Kimi K2.7 Code’s interleaved thinking architecture means it reasons through multi-step tasks before returning a result. For agentic coding workflows with multiple tool calls per turn, test how tool choice, argument quality, and response latency behave on your actual task set before routing production traffic.
Production Testing Checklist
Kimi K2.7 Code is priced separately for input, output, and cache read tokens. Cost profiles vary significantly by workload:
- Long-context code review: large input token counts dominate cost.
- Code generation agents: output token usage scales with response length and the number of turns.
- Repeated-context workflows: cache-read pricing applies when a stable system prompt, tool schema, or repository summary recurs across many calls.
Before production, run an evaluation set that includes:
- Short text-only prompts (latency baseline and authentication check).
- Long-context prompts near your expected working size, not the maximum window.
- Tool-call prompts where the correct behavior is to call a function with valid arguments.
- Image inputs that match your real upload source and file handling.
- Failure cases: oversized input, missing media URL, invalid API key, and timeout behavior.
Feature lists describe what is available. Evaluation on your real workload tells you whether latency, token usage, tool argument quality, and output correctness meet your production bar.
FAQ
Is Kimi K2.7 Code available through Novita AI?
Yes. Novita AI lists Kimi K2.7 Code as a Serverless LLM with the API model ID moonshotai/kimi-k2.7-code.
What is the correct model ID?
Use moonshotai/kimi-k2.7-code in all API calls.

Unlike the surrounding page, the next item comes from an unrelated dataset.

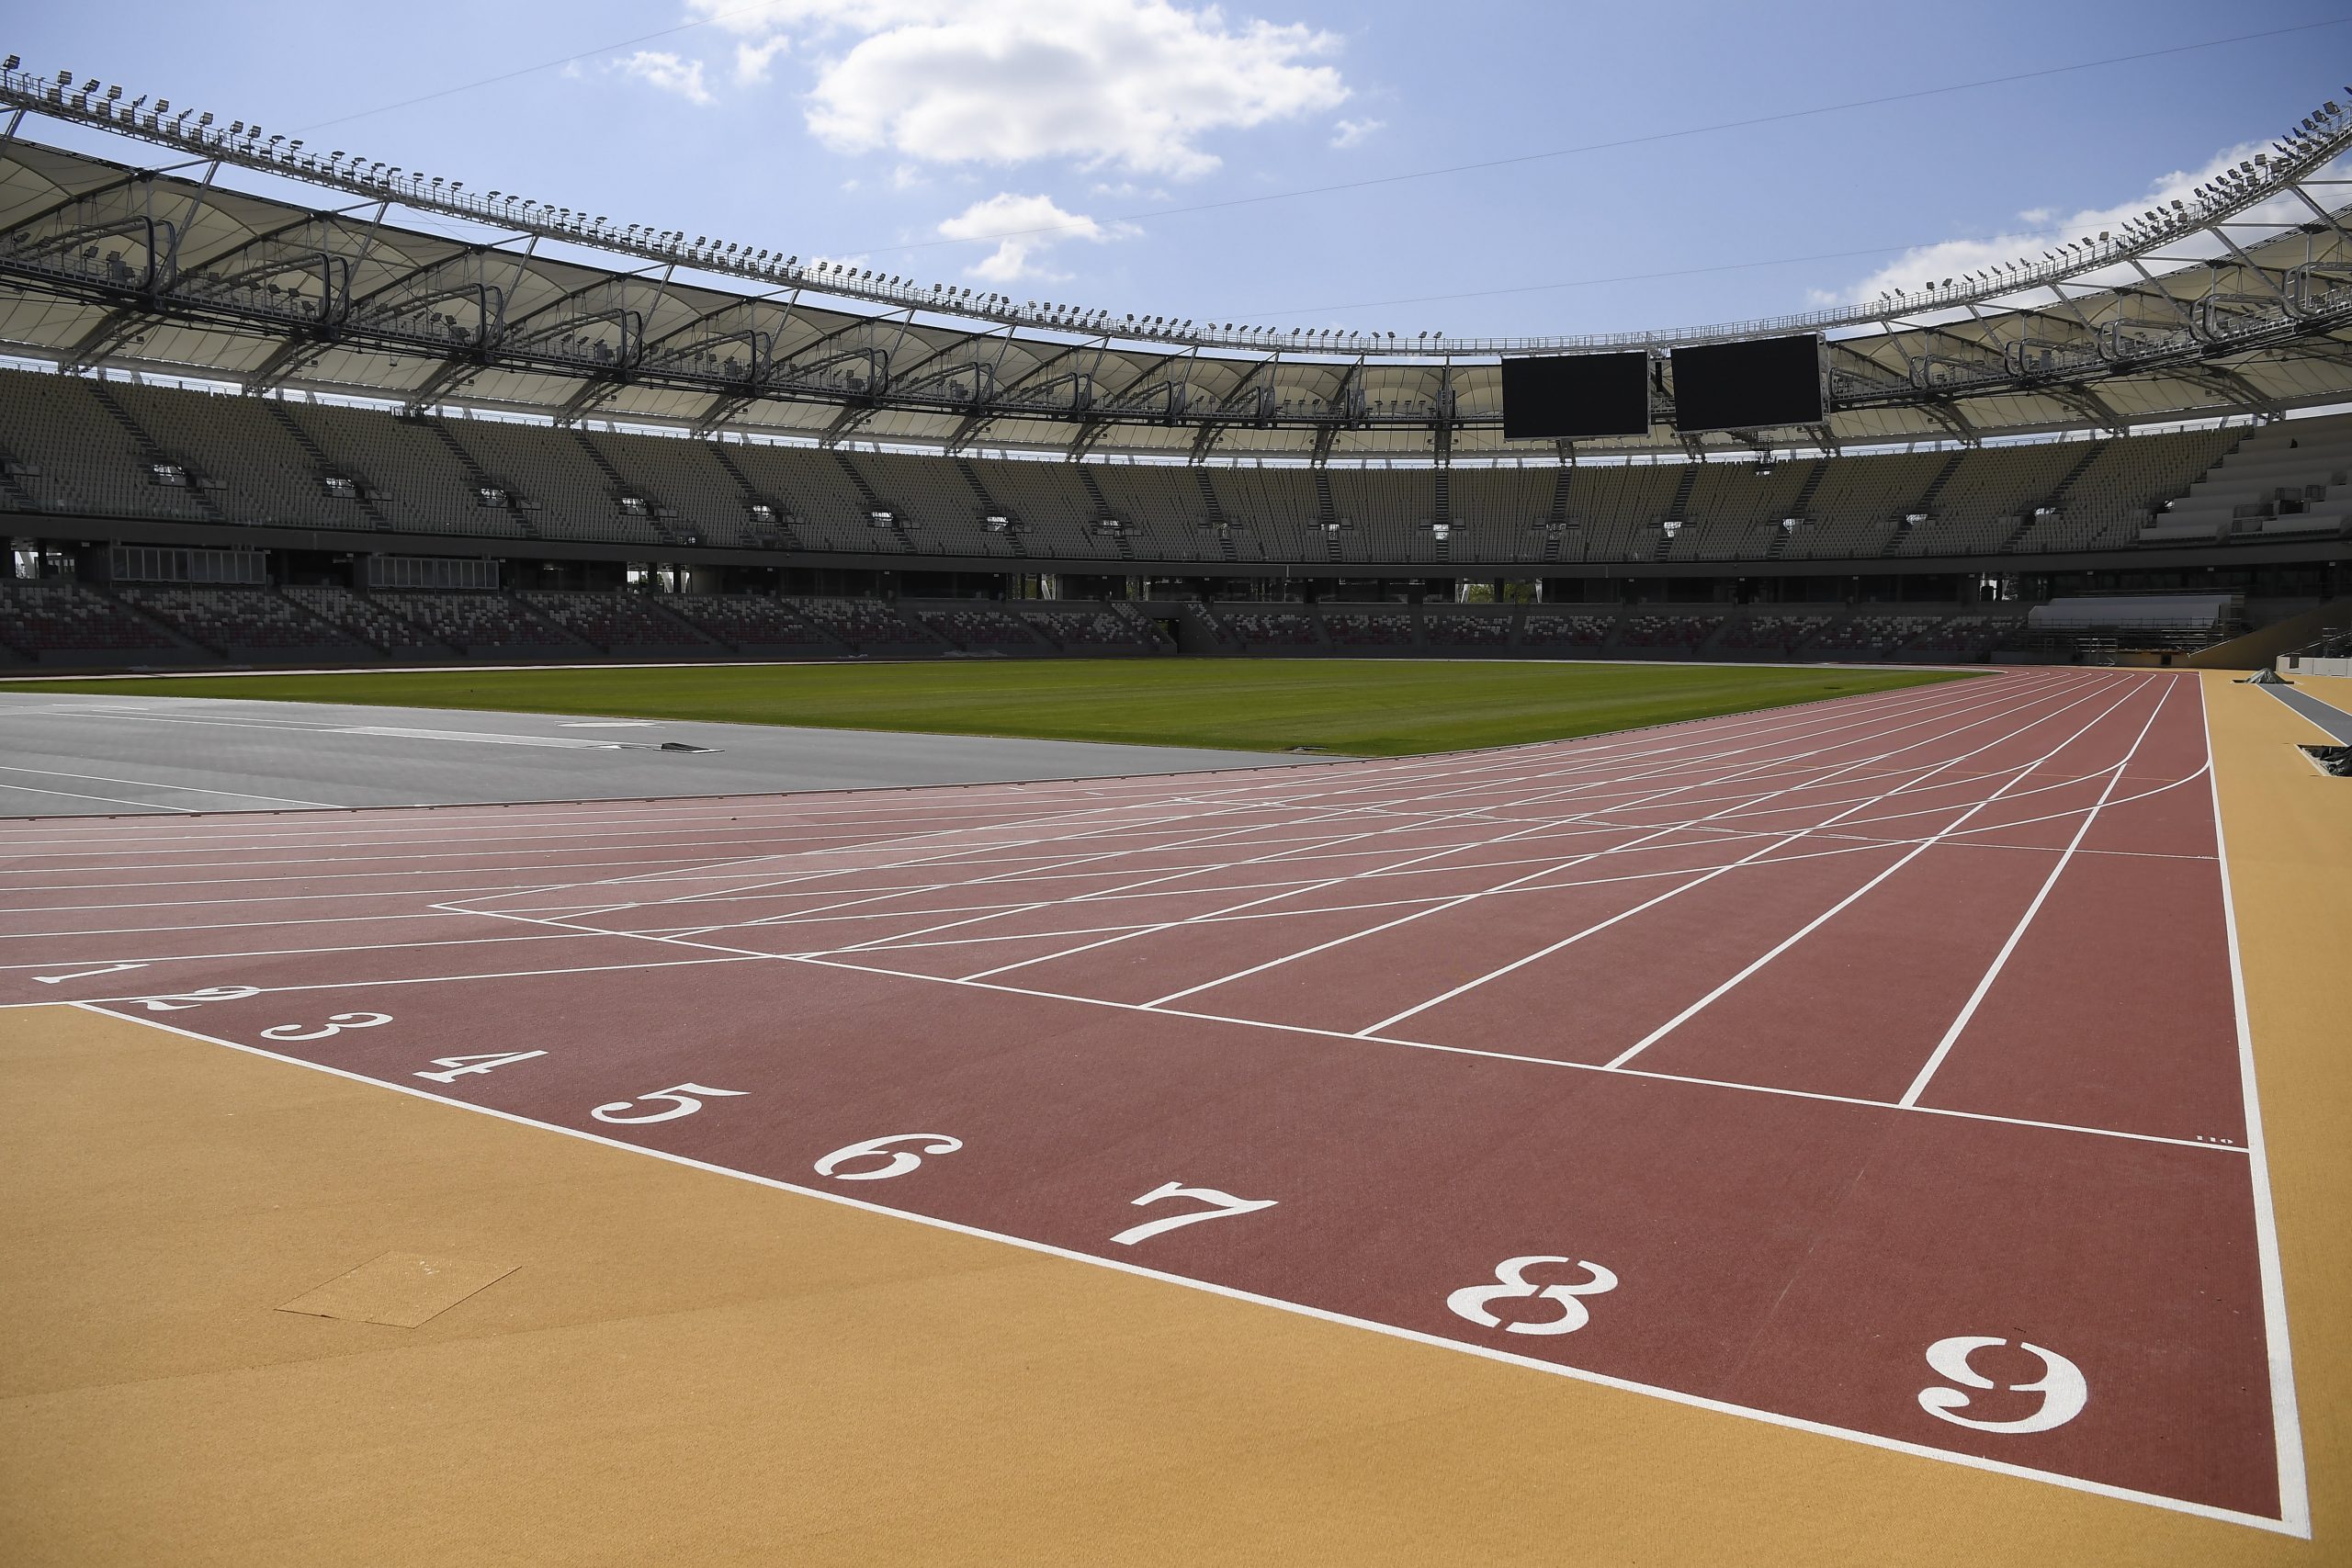 Preparations for the World Athletics Championships Reach Much Anticipated Landmark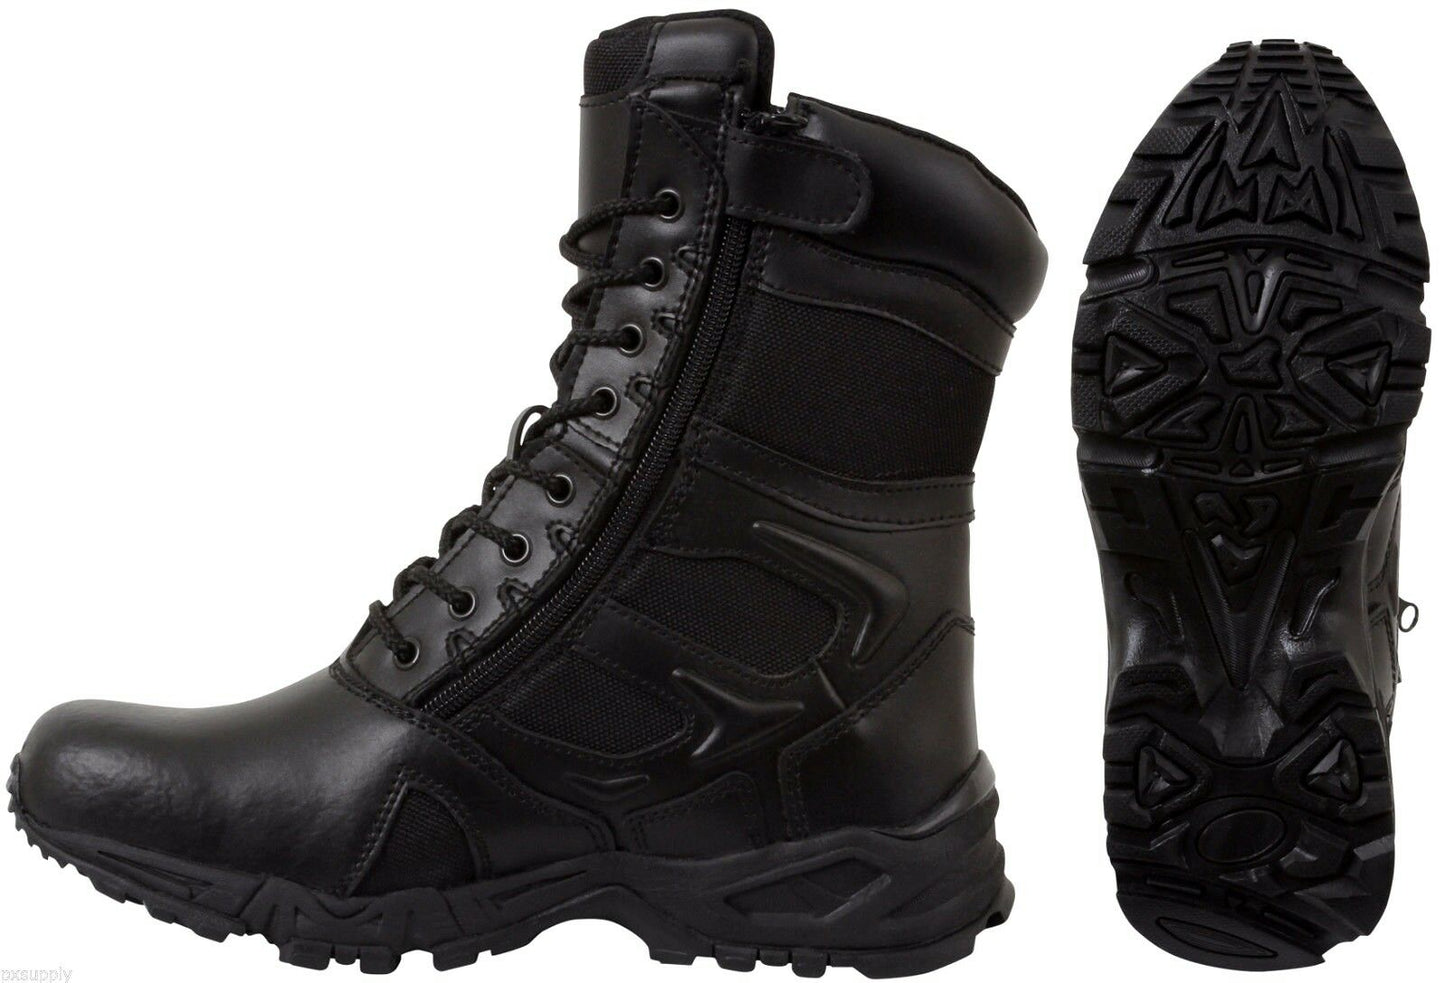 Rothco Forced Entry Deployment Boot With Side Zipper - 8 Inch Black

What endpoint should I use?
Use the OpenAI-compatible chat completions endpoint: POST https://api.novita.ai/openai/v1/chat/completions. Set the base URL to https://api.novita.ai/openai when using an OpenAI SDK client.
How much does Kimi K2.7 Code cost?
As of June 16, 2026, Novita AI lists $0.95 per 1M input tokens, $4.00 per 1M output tokens, and $0.19 per 1M cache read input tokens. Verify current prices at the Kimi K2.7 Code model page before any procurement decision.
Does it support image and video input?
Novita lists text, image, and video as input modalities. For the exact payload shape, verify with current Novita documentation or a test call before shipping multimodal features.
Does Kimi K2.7 Code support function calling?
Yes. Use the tools parameter in the chat completions request. Novita lists function calling and structured outputs as supported features.
What is the context window?
262,144 tokens context window and 262,144 tokens maximum output, as listed on the Novita AI model page.